In February, the United States imposed a visa ban on 20 Ukrainian officials deemed to be complicit in the violence that month in Kiev. Yesterday, President Obama expanded the visa ban and also signed a Presidential Executive Order authorising the US Treasury Department to designate individuals and entities who, among other things, have been involved in efforts to undermine the security or territorial integrity of Ukraine or have asserted control over any part of Ukraine (including Crimea) without authorisation of the Government of Ukraine. Although this Executive Order lays the foundation for potential future sanctions, no specific individuals or entities have been designated yet under this new authority.
EU/UK Suspension of Licenses
On 20 February 2014, the EU Council announced that EU Member States agreed to suspend export licences on equipment which might be used for internal repression and reassess export licences in connection with military goods and technology.
Accordingly, on 24 February, BIS issued a notice that it was reviewing extant licences to determine which are for equipment which might be used for internal repression and would therefore be subject to suspension. BIS is also assessing which exports would provoke or prolong armed conflicts or aggravate existing tensions. Exporters will be notified by BIS directly if a licence is to be suspended.
Potential for Additional Sanctions
Press reports speculate that the US and EU may issue further sanctions if the situation in Ukraine does not improve. Indeed, the US White House press secretary was quoted as stating: “Depending on how the situation develops, the United States is prepared to consider additional steps and sanctions as necessary”.

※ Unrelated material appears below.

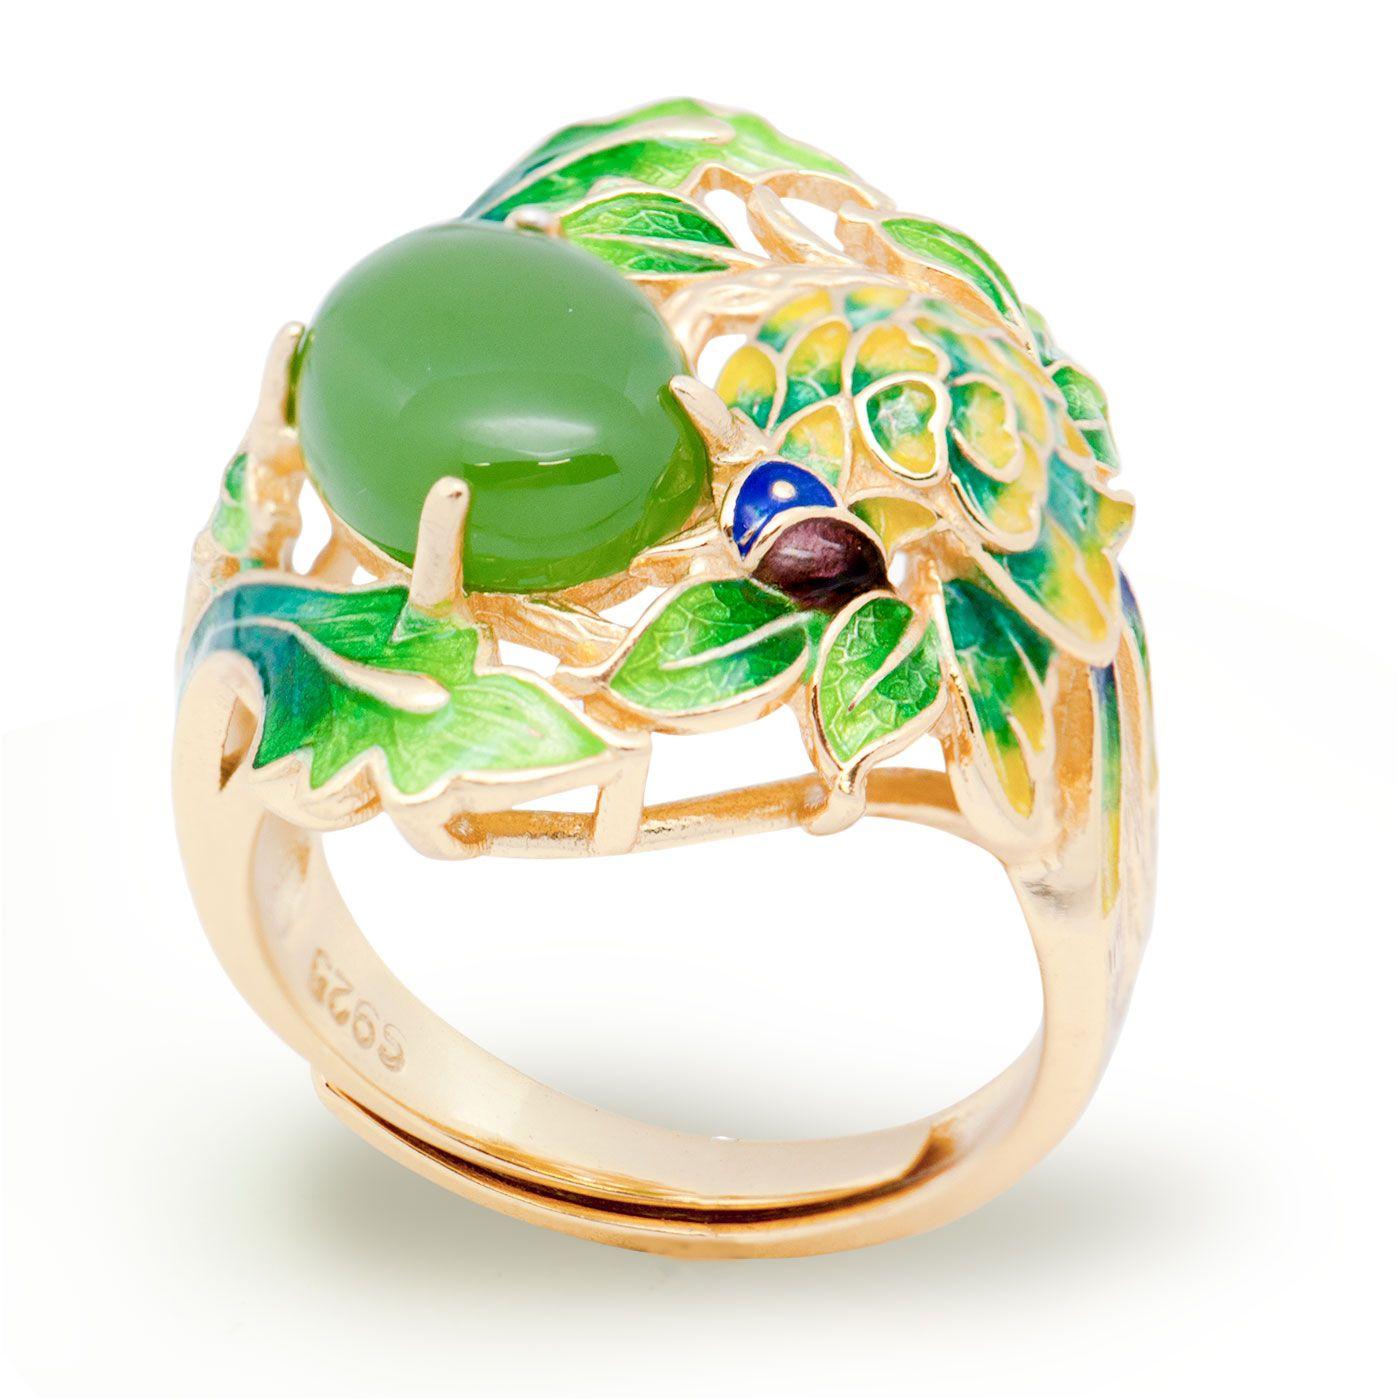 Esmalte verde Jasper flor hoja 925 Plata de Ley ajustable anillo de oro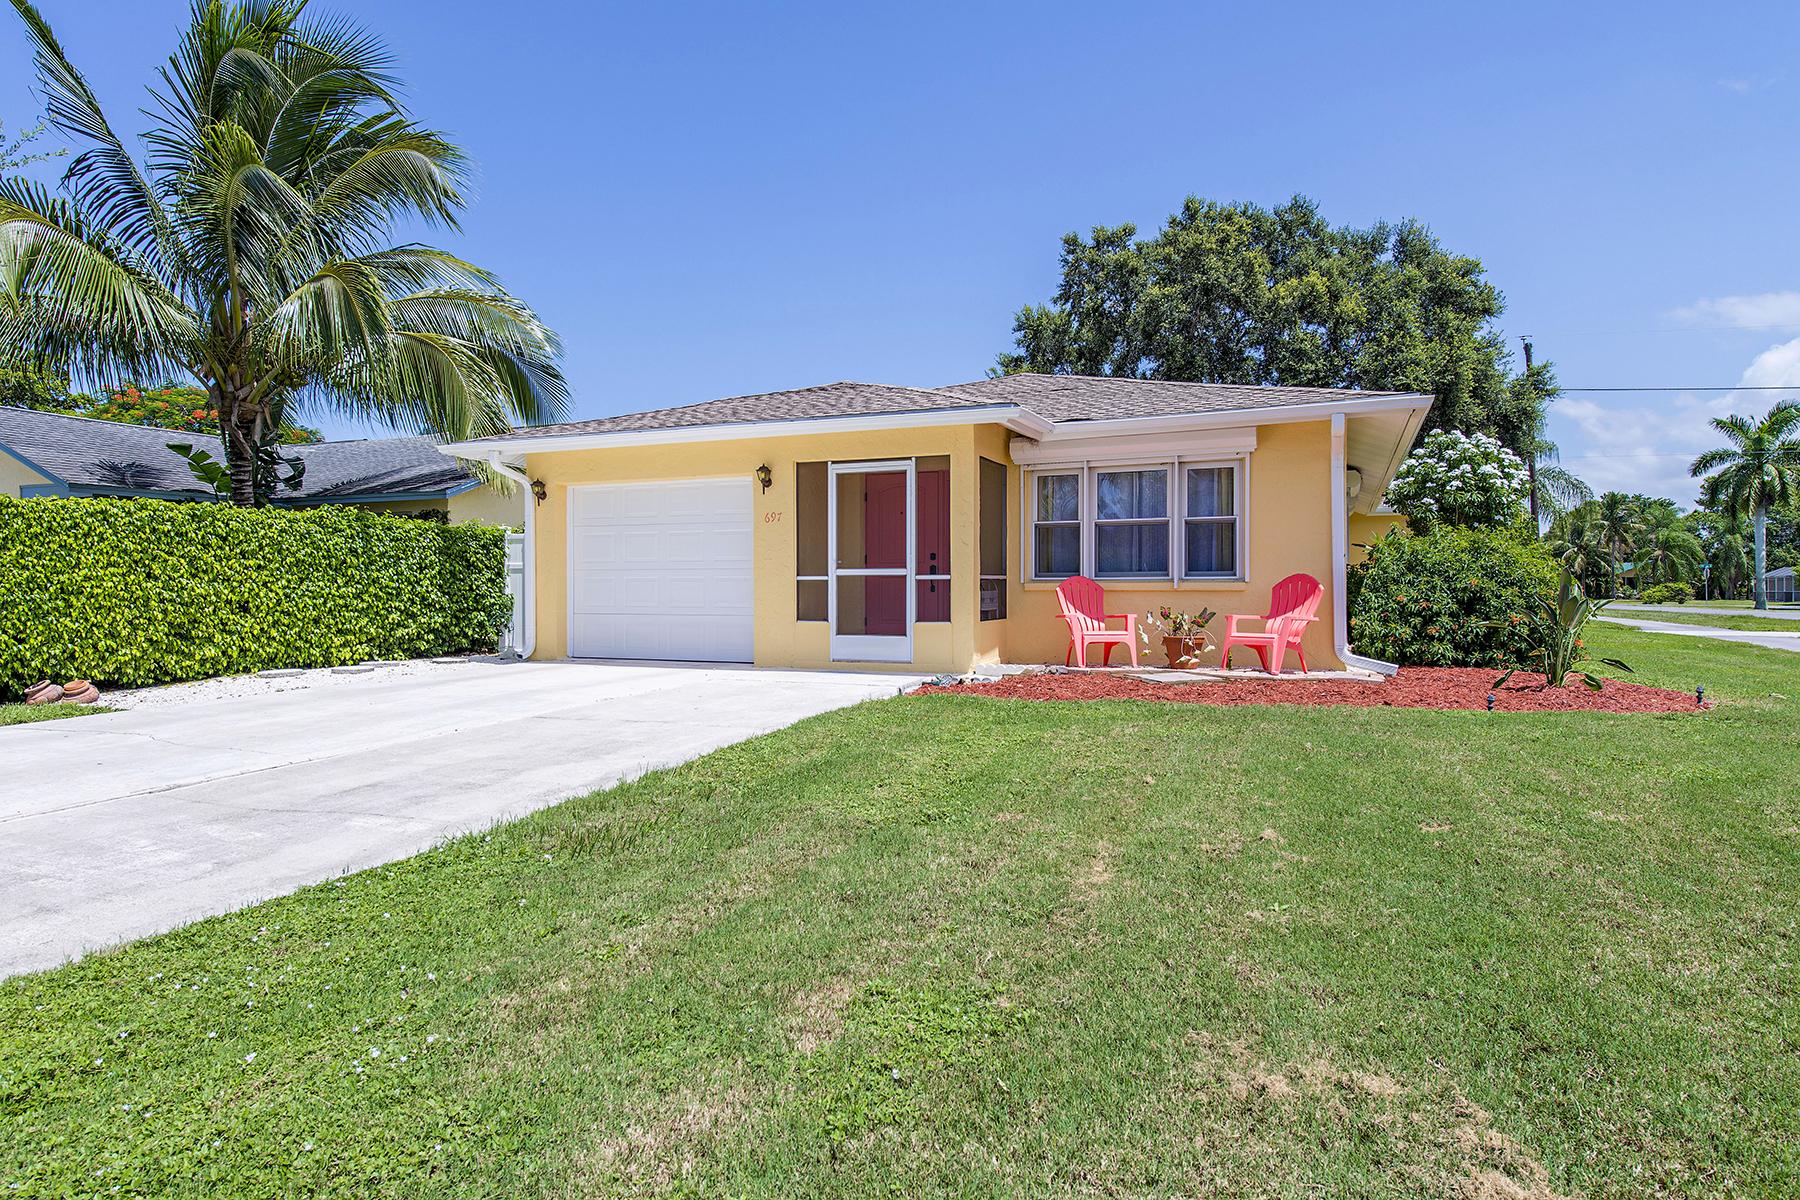 Villa per Vendita alle ore NAPLES PARK 697 93rd Ave N Naples, Florida 34108 Stati Uniti

Although the earliest sanctions were a reaction to the political violence in Kiev and generally targeted Ukrainian persons, the focus is now turning to Russia's military intervention in Crimea. The EU formally stated yesterday that it will suspend bilateral talks with Russia on visa matters and the participation of the EU institutions in the G8 Summit. The EU has stated that if Russia does not negotiate with Ukraine, it may adopt other measures at a later date.
In light of the constantly changing facts on the ground, it is difficult to speculate the form additional sanctions would take. We are closely monitoring this situation.
Given the current uncertainty regarding events in Ukraine, companies should closely monitor further developments in order to ensure compliance with the current measures. Companies should exercise diligence when conducting transactions involving Ukraine and Russia, including by taking the following steps:
- screen (and regularly re-screen) counterparties, end-users, banks and other third parties potentially benefiting from the transaction to verify that they are not a designated person (and are not owned or controlled by a designated person);
- assess whether any products or technology being sold or supplied might be used for internal repression. In this context, we note that the EU or national authorities could potentially take a wide interpretation of the type of equipment which might be used for internal repression. Indeed, this has happened in the past in respect of sanctions against Libya (e.g., where protective equipment and simulators for training in the use of firearms, were in-scope).
- exercise caution in the negotiation of contracts with parties that could be the target of any US and/or EU sanctions against Russia (including the State-owned financial and energy sectors). This would include supplementary contractual language addressing sanctions risks and export control compliance, for example.
The foregoing is intended only to provide a general overview of the new sanctions imposed against Ukraine.